Here are some notes from the talk Jeff Clavier gave at BMA this morning. A lot of the talk was about the enterprise side of the equation. “What does it take to get an enterprise software play to market” type of questions. But the discussion started out with a preface not to take generalizations too seriously. People will say “VCs don’t really do that” or “you’re never going to see that from a VC”, but that needs to be taken with a grain of salt. Normally these statements are overgeneralized. Different VCs act differently, and behavior that you would never see from one group may not be that uncommon from another. So pay attention and make sure to contextualize the information you get.
First off, it’s hard to create an enterprise startup. Something like 10,000 enterprise software companies were funded during the bubble, and of those about 5 or 6 thousand remain. That’s a lot of competition. Even if you pick a niche to fill, it can still be very difficult. There are 20 or 30 storage companies for example, entry into that area is very costly and risky. VCs in general recognize that there was an over investment in enterprise plays. It’s not that they won’t back a play like this, it just tends to be the very big deal and it has to be something differentiated.
There are four main factors that commonly go into evaluating an opportunity: whitespace, direct experience, disruption, and the team:
The first is the idea itself. How good is the idea? How differentiated is it? Jeff said this is called “whitespace” sometimes, the blank area between the idea you have and the adjacent ideas. Map out the whitespace and make sure the area is big enough. Is it referencable whitespace? Can you explain to investors why your idea is different?
Direct experience in putting the solution together, like the “scratch your own itch” maxim from open source, is a good litmus test for the general validity of the product. If you made your product because you needed it yourself, there’s a good chance others out there might need it also.
Disruption means cost savings in some way. It may be a sea change in technology that drives cost reduction, or new methods, or a new business model. But it needs to be something big. The savings needs to be significant enough to outweigh the risk of switching to the new system.
Sometimes teams of people just work right. People will toss money at them just to see what happens. If your team has a proven track record it can go a long way toward helping out with the current effort. Jeff said something like if you have the right people you can paint anything on “the canvas of the team”, I liked that turn of phrase. Sifry mentioned paying attention to the corporate DNA that you’re building last week. This is always important, funding or no funding. There’s just no substitute for having good people willing to work together.
Based on your idea you have to define how you sell and what your ecosystem looks like. Ecosystem means your customers, competitors, partners, and people who might be either competitors or partners. How high of a hurdle is there for market entry? Who can you potentially target as a partner? Sizing of the market is one of the most difficult things to do. Pick meaningful numbers. The size of the market overall means nothing, the addressable portion of the market is what you need to know. Everyone likes to say they will have 20 or 40 percent of the market, and that simply never happens. You’re lucky if it’s 1 or 2 percent. Look at behavior within the ecosystem. What are the purchase habits, what is the lead time, budgets, deployment time? What are the trends? Lots of funding in an area is a predictor of price pressure, it’s actually not a good thing. Get out there and talk to people. Network with others in your market. Find people who have started successful businesses in the same area. Research online as well. There are sure to be blogs that give info about the area.

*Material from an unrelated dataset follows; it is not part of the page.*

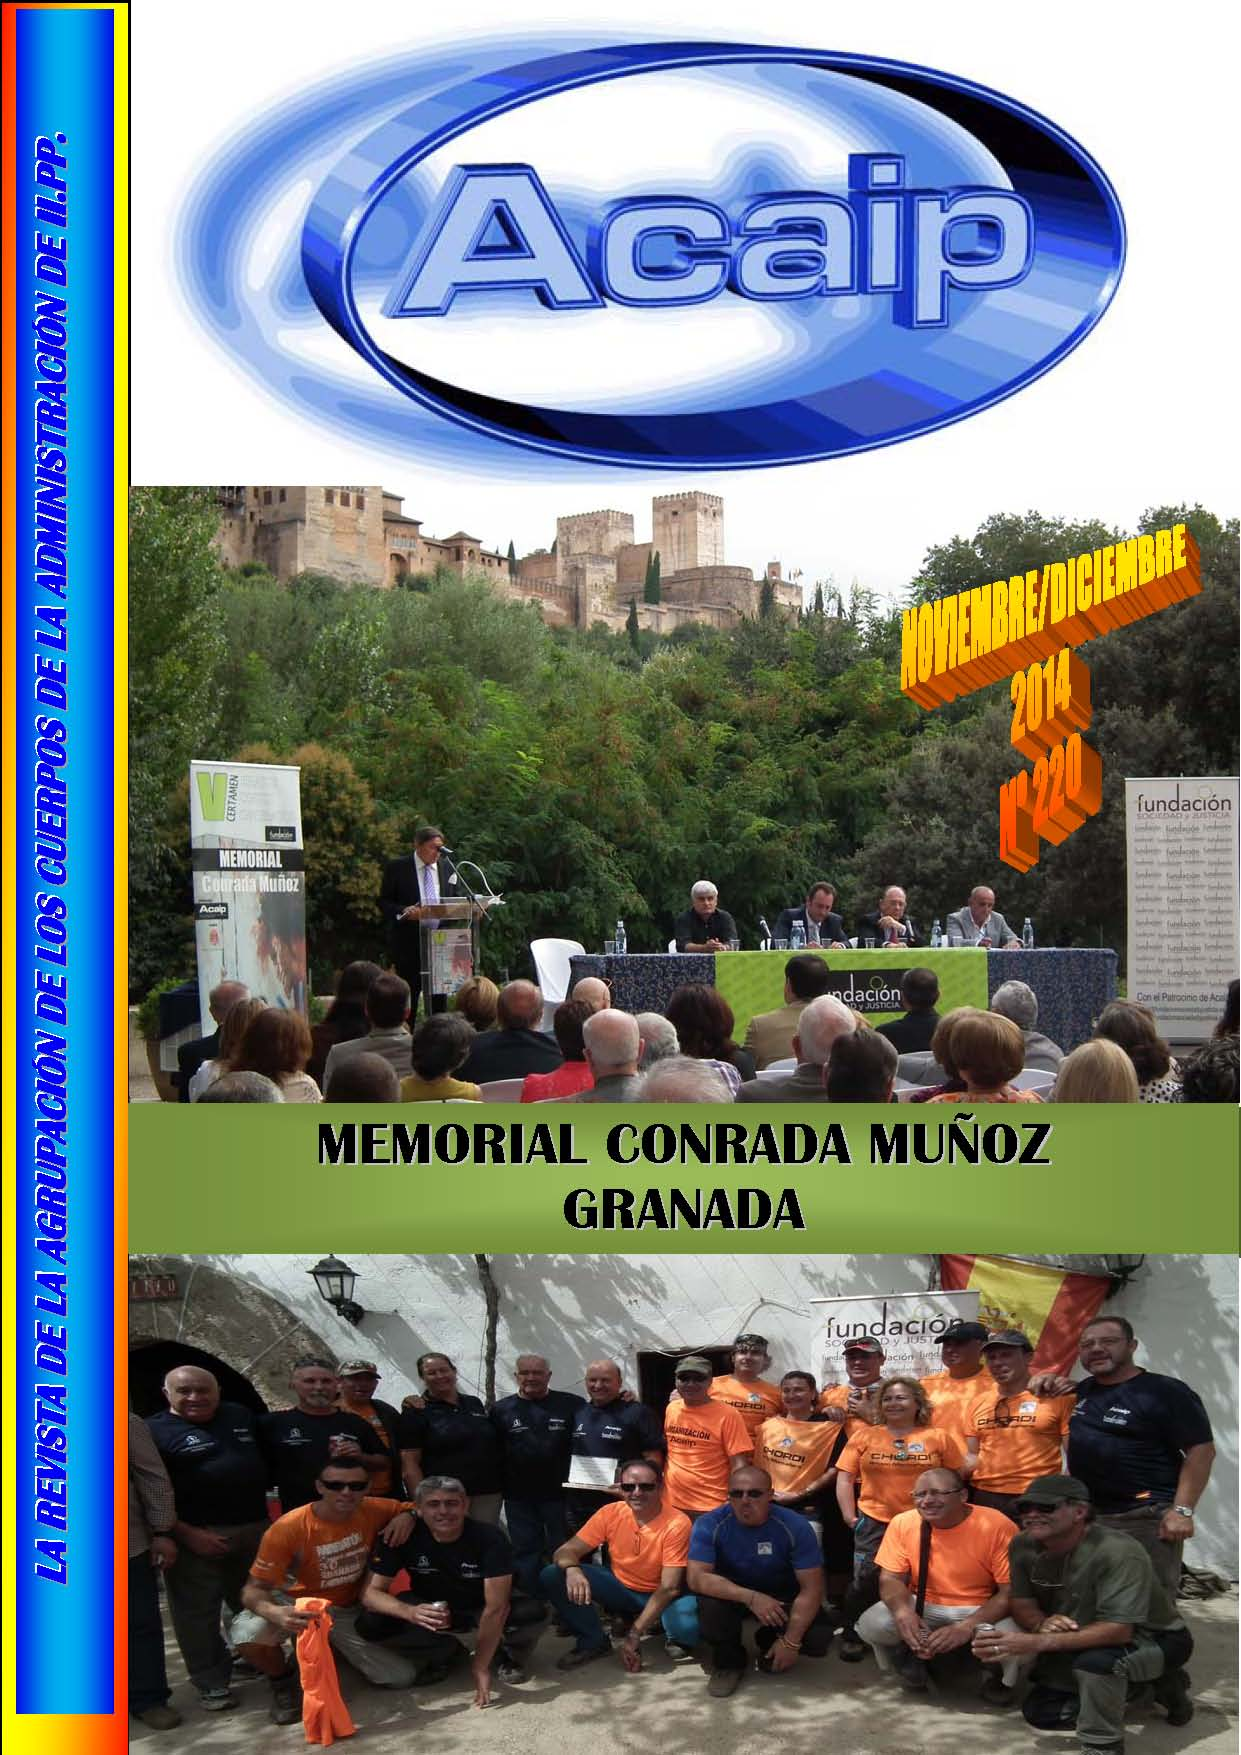 V MEMORIAL CONRADA MUÑOZ CELEBRADO EN GRANADA

Sharing your sale with a consulting company is not “leaving value on the table”, it’s part of building your ecosystem. Of course you have to find the right consulting company, someone who won’t take the money and run. Eventually that consultancy can be a valuable partner, helping to bring you business.
Frequently there is a point at which you have to choose continued growth or profitability. If you need to reinvest enough of your profits to keep growing, and you need money to do so, that’s a good time to think about funding. You need the right mix of growth, partnerships, differentiation, and guts to keep growing though. That’s true if you need funding or not. If you want sustainability you need diversity. Diversified revenue and multiple product lines. It’s hard to get real big with a singular focus. How do you measure diversity against a loss of focus? Make sure you have a repeatable sales process for what you have and that the product is up and established before looking at adjacent opportunities.
What can you do as entrepreneurs? Find people who want to join for no pay. Find people with the same passion and the same willingness to take a risk. Network. Try to find like-minded people and they’ll show you to the pockets of cash needed to keep your business up and going. Find VCs speaking at events. The VCs are out there normally cause they’re looking to tap into deals, they’re receptive then. Give them your elevator pitch and gage their interest. Don’t bother cold calling on VCs, it’s not worth the time. If the VC seems interested, cozy up to their assistant. The VCs assistant is your best connection, they have great info for you (where the VC is, how you can contact them, when they’ll be back, etc). Mine your own network. Find people with connections to VCs, strong connections, connections that get phone calls returned. Sometimes you can do premarket meetings with VCs. If you’re not ready for funding you can present what you are working on, just to get their feedback and educate them somewhat. Then when you’re ready for funding they’re already familiar with you and what your position is.